For people who don't know much about hardware, that kind of customer service
is invaluable. Without it, I could have spent days trying to figure out what
was wrong, only to give up in frustration. Instead, I got quick confirmation
that there was something wrong with the board and was immediately sent a
replacement (at no extra cost).

------
TheAnimus
Arduino and Netduino are great, but I think people like the author sort of
forget why.

Back a few years ago, you could buy very cheap microcontrollers, then with a
few $ of components make a simple programmer from the PCs parallel port or
serial. <http://picpgm.picprojects.net/hardware.html> for a nice collection of
them.

These where great, they cost about £1.50 each iirc, and I really liked them,
by the time I went to uni I knew my Microchip PIC MASM by heart.

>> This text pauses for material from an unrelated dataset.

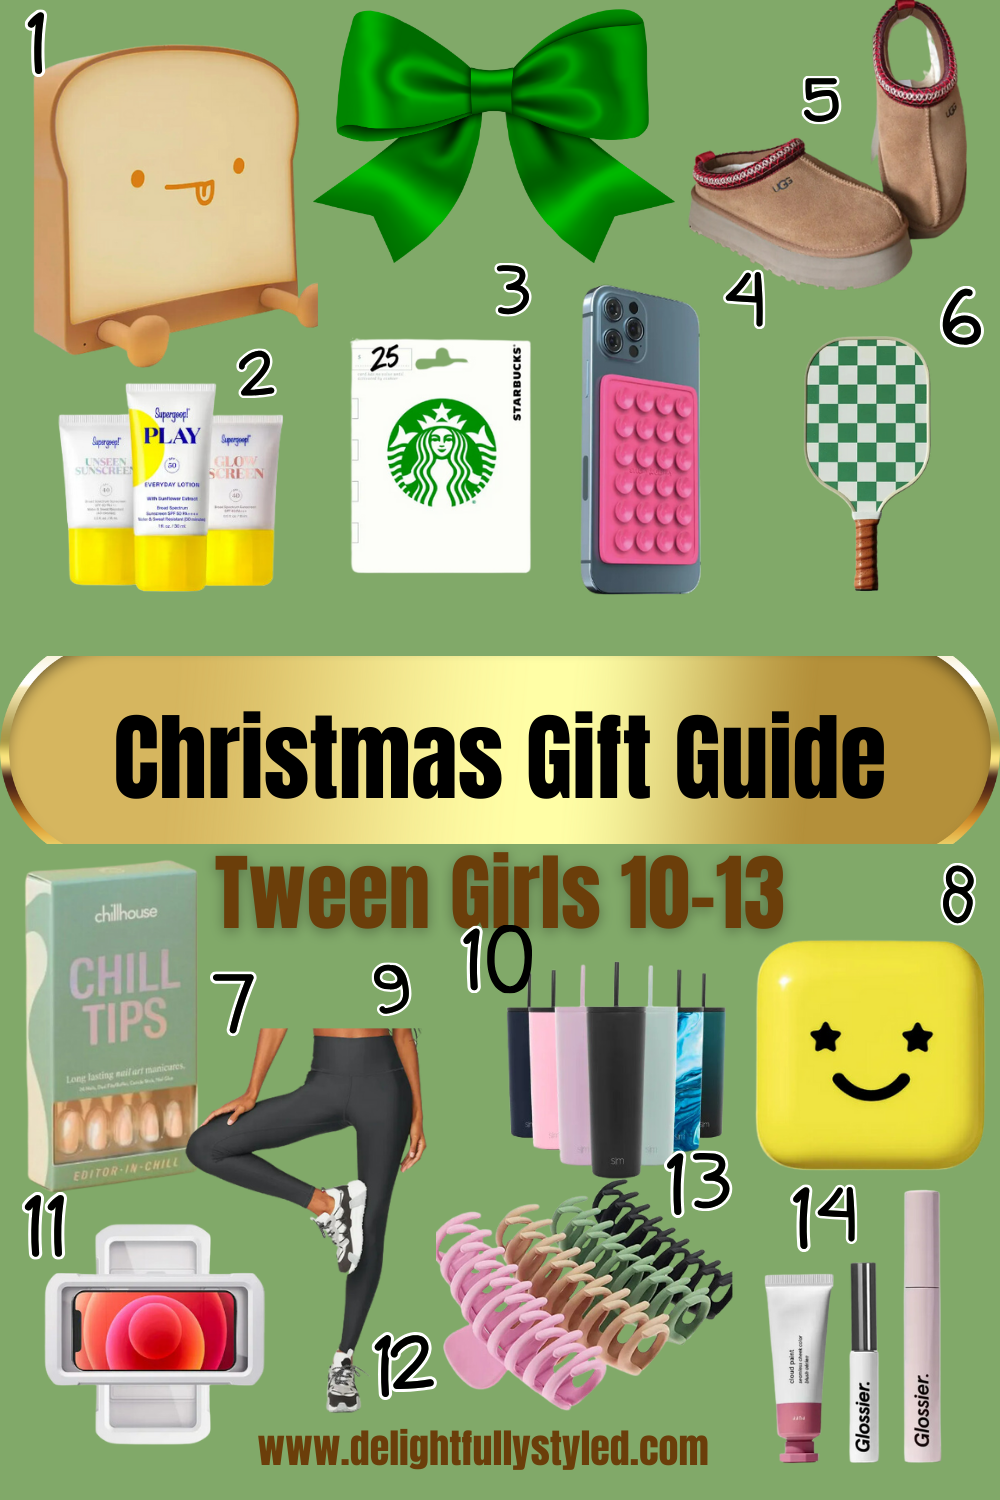 10 Christmas Gift Ideas for Tween Girls

However people who are just learning about programming electronics don't
really want to have to figure out the joys of GPIOA3 being shared with the ADC
when trying to attach an LED.

Arduino providing a nice simple formfactor for allowing people to simply plonk
them together, no worries about which pins can do what, how much can be
driven. All the packages made it quite clear what could play nicely together.

This doesn't change that. Nor does it mention that if your the kind of geek
who is thinking of buying say 3 or more of them you'd be much better off with
oldschool prototyping board, a vertible smorgasboard of uCs and a simple
programmer. There are some great PIC ones that even have the ICD (In Circuit
Debugging!) on ebay for next to nothing.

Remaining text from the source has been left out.